**Activity:** Please retype the data in full and exactly; the pictures are not part of the copy.

**Input data:**
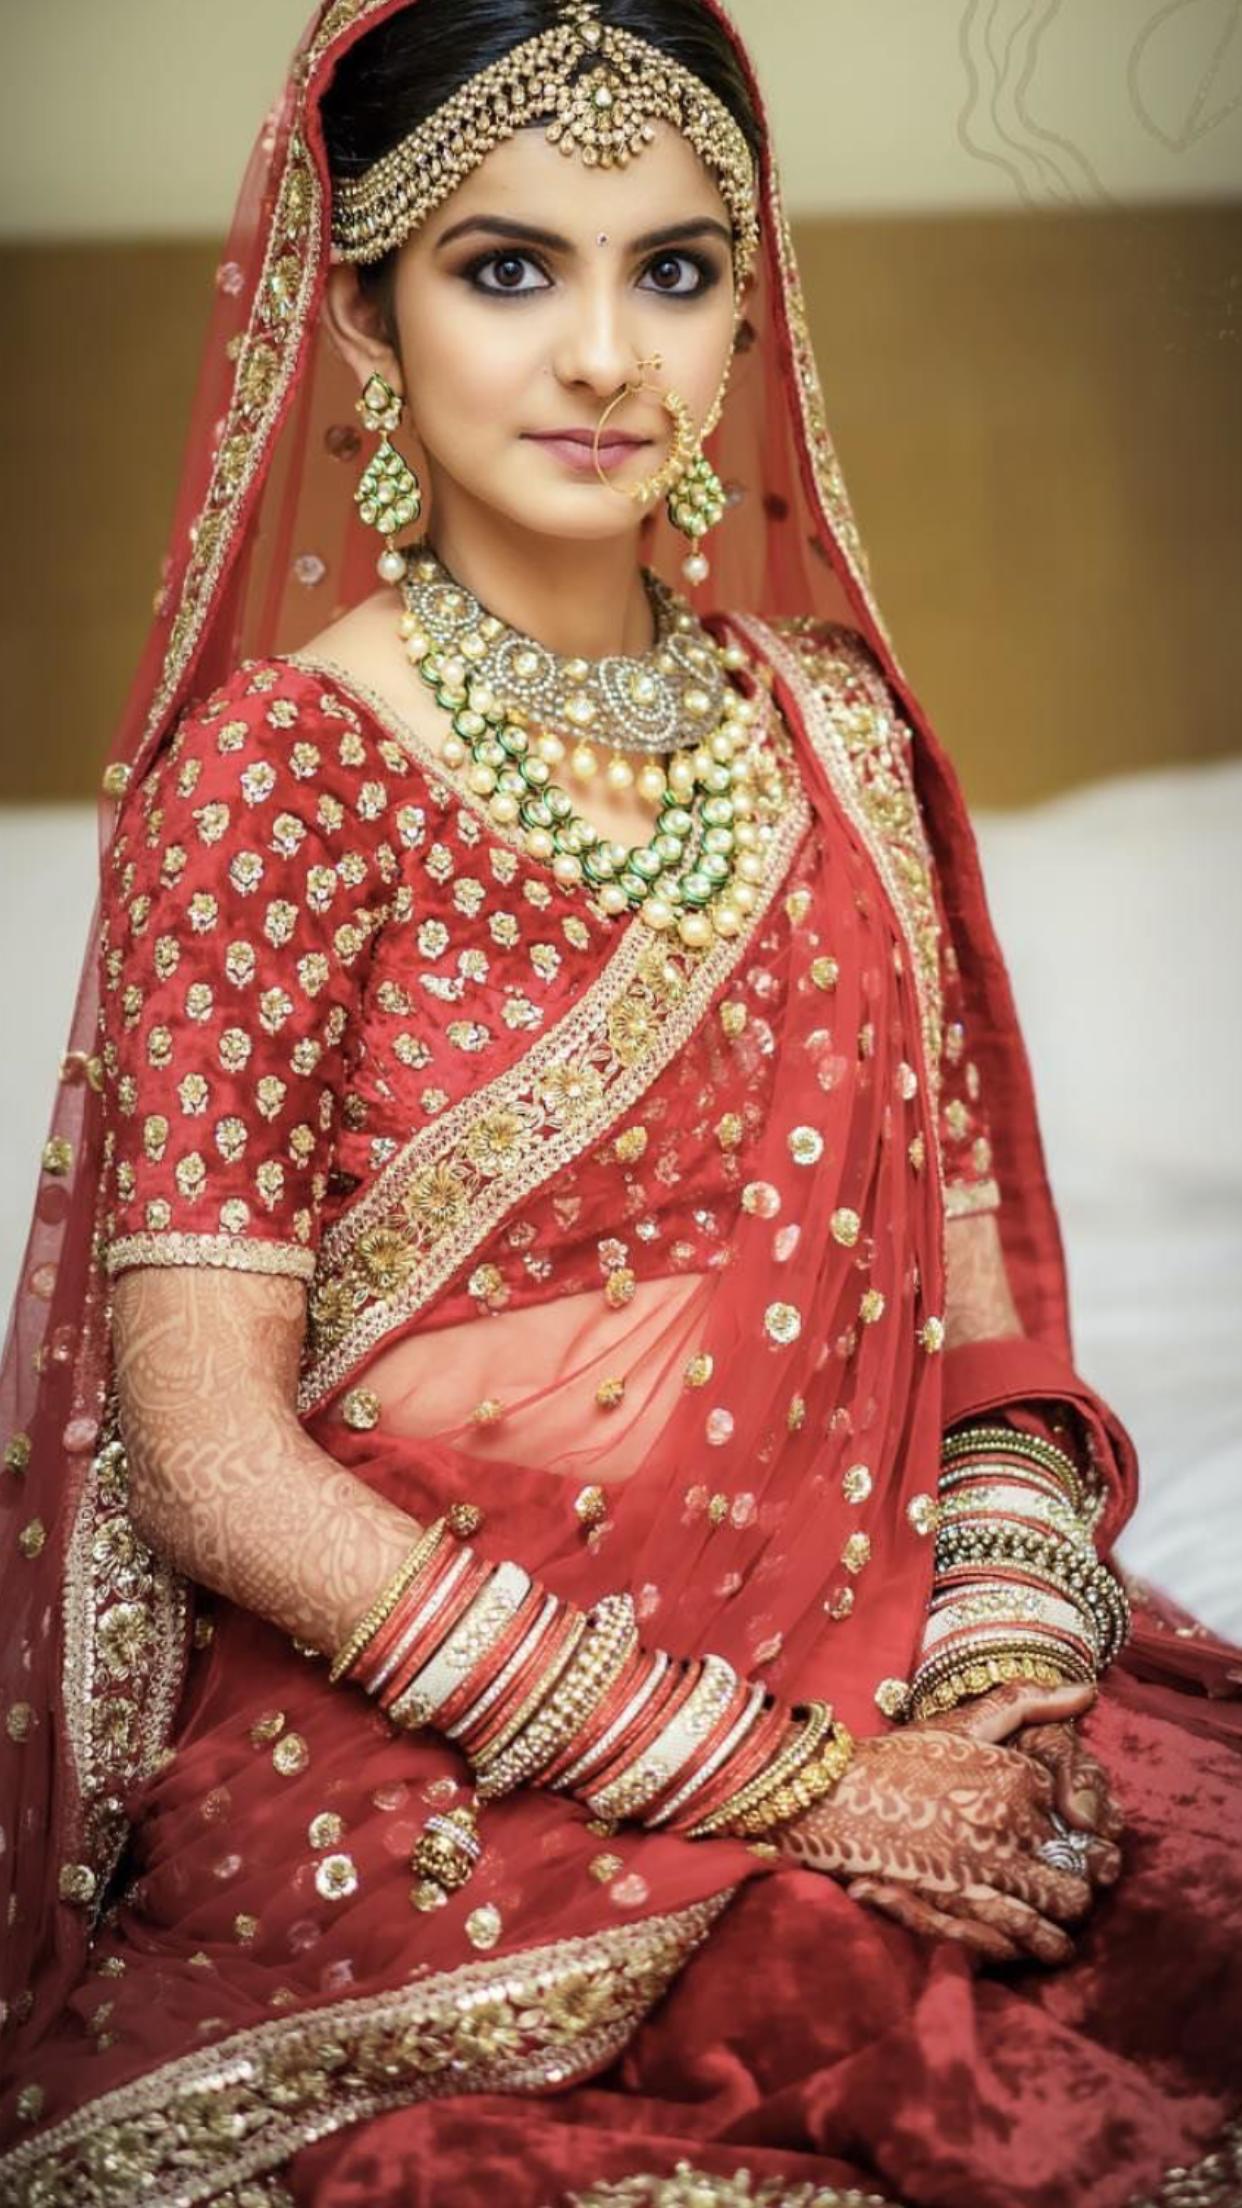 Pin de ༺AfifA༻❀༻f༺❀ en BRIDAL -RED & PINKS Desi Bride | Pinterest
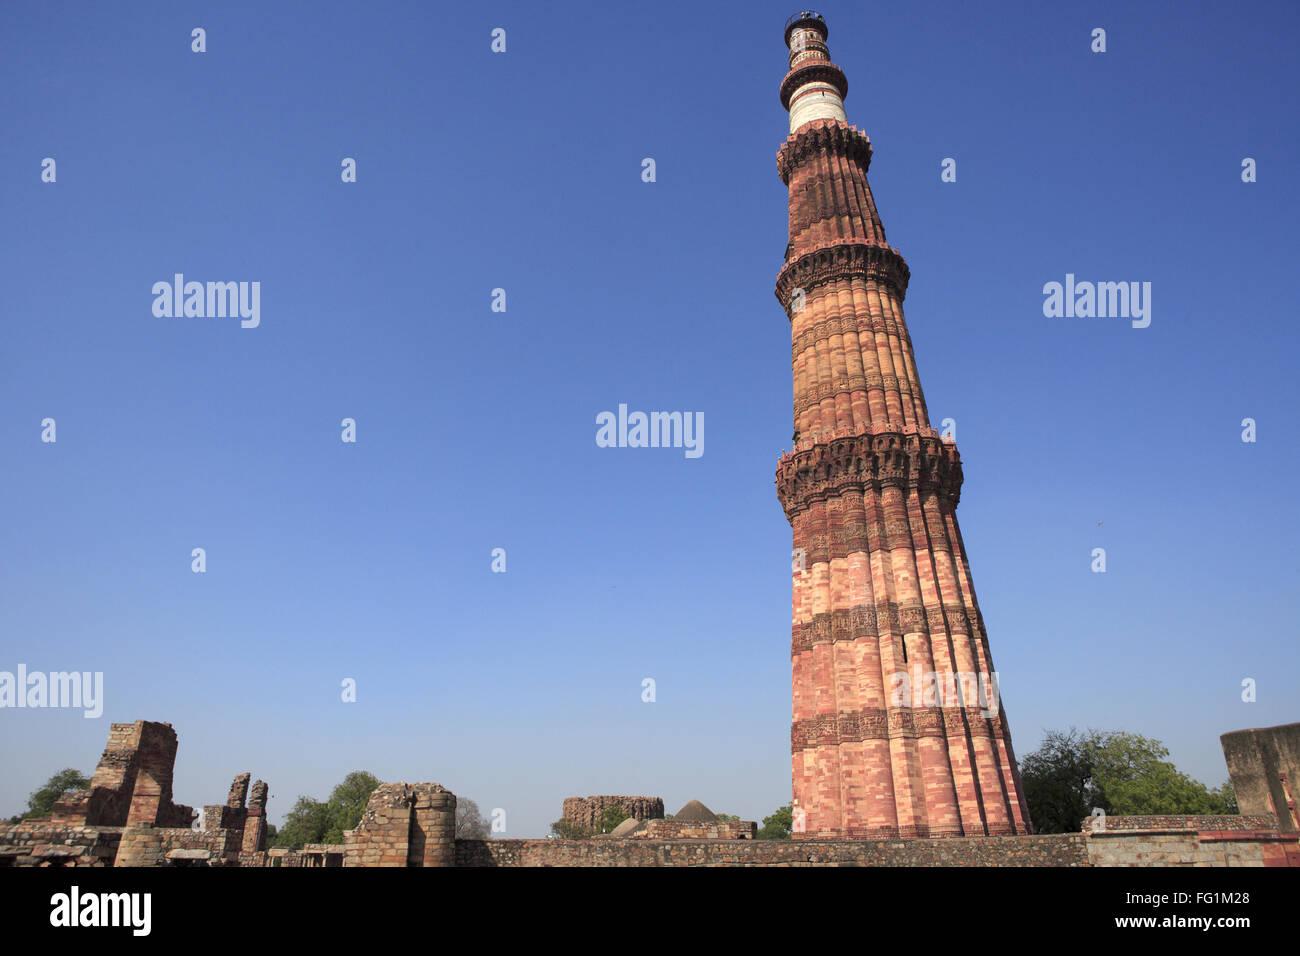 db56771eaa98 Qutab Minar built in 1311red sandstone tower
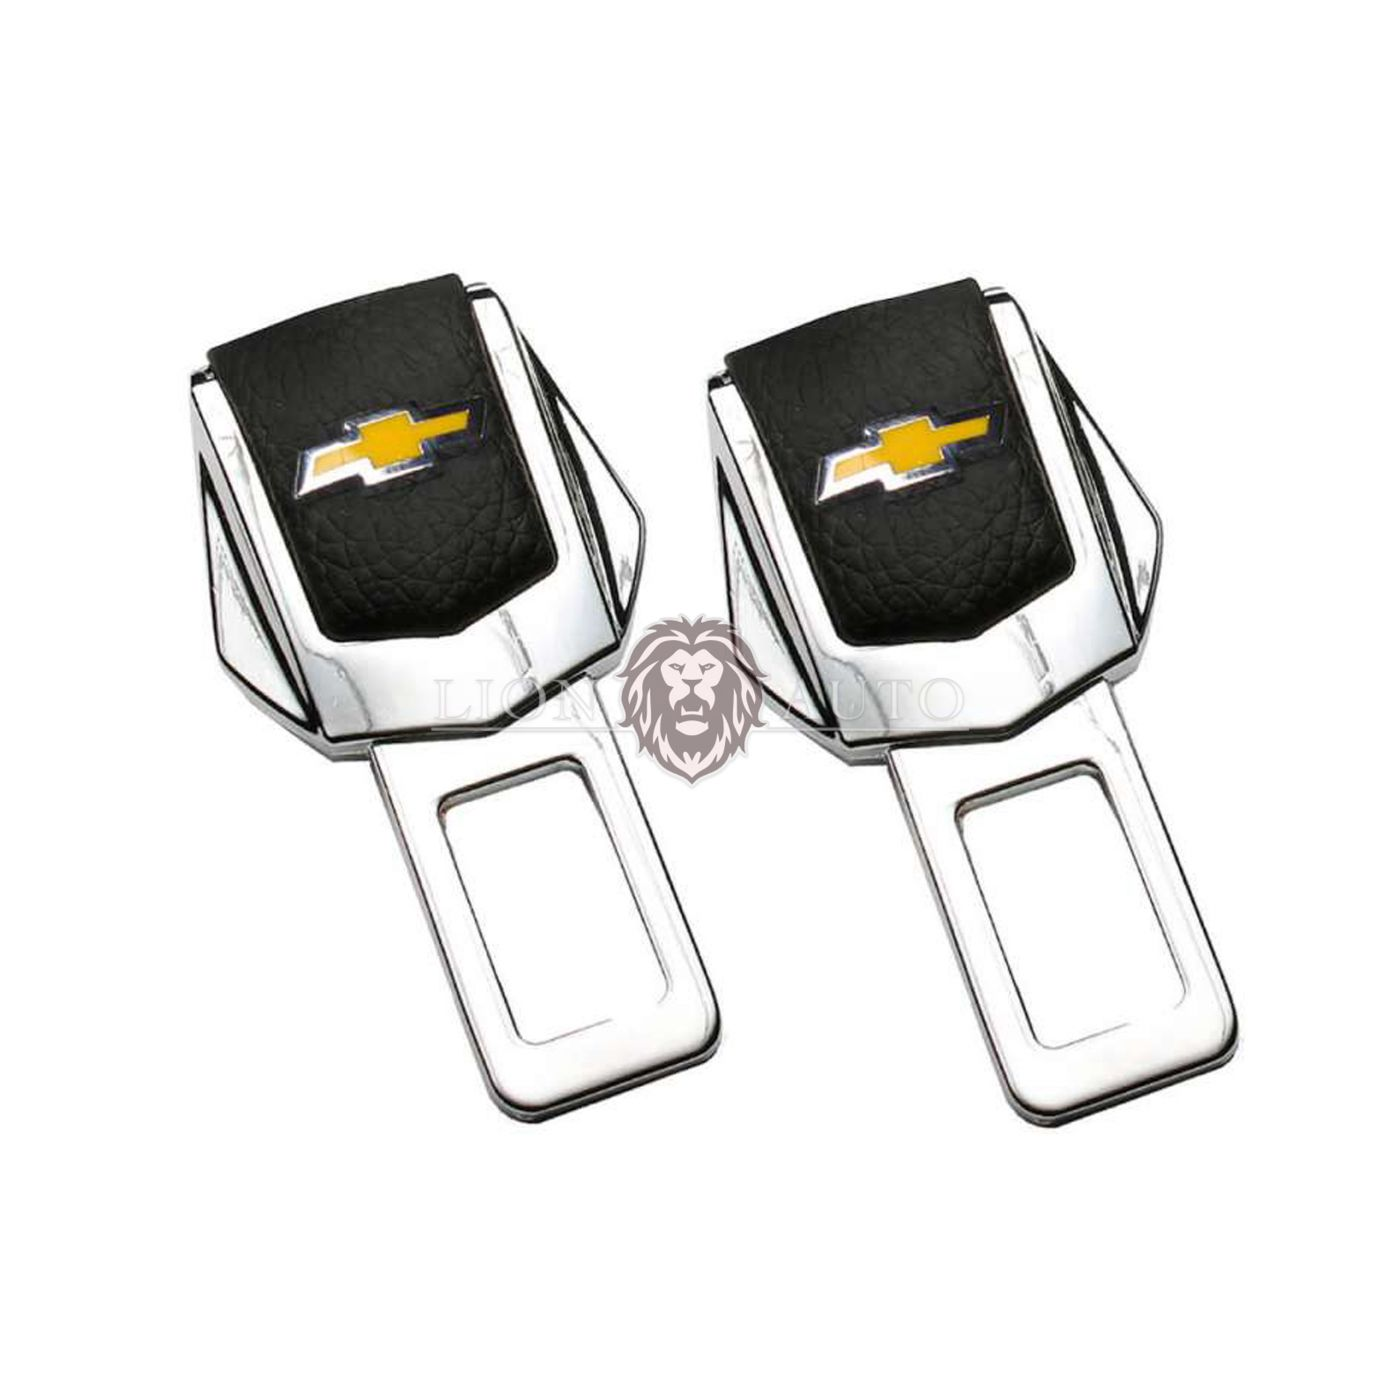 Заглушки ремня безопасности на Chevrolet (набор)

**Answer:**
 Pin de ༺AfifA༻❀༻f༺❀ en BRIDAL -RED & PINKS Desi Bride | Pinterest
 db56771eaa98 Qutab Minar built in 1311red sandstone tower
 Заглушки ремня безопасности на Chevrolet (набор)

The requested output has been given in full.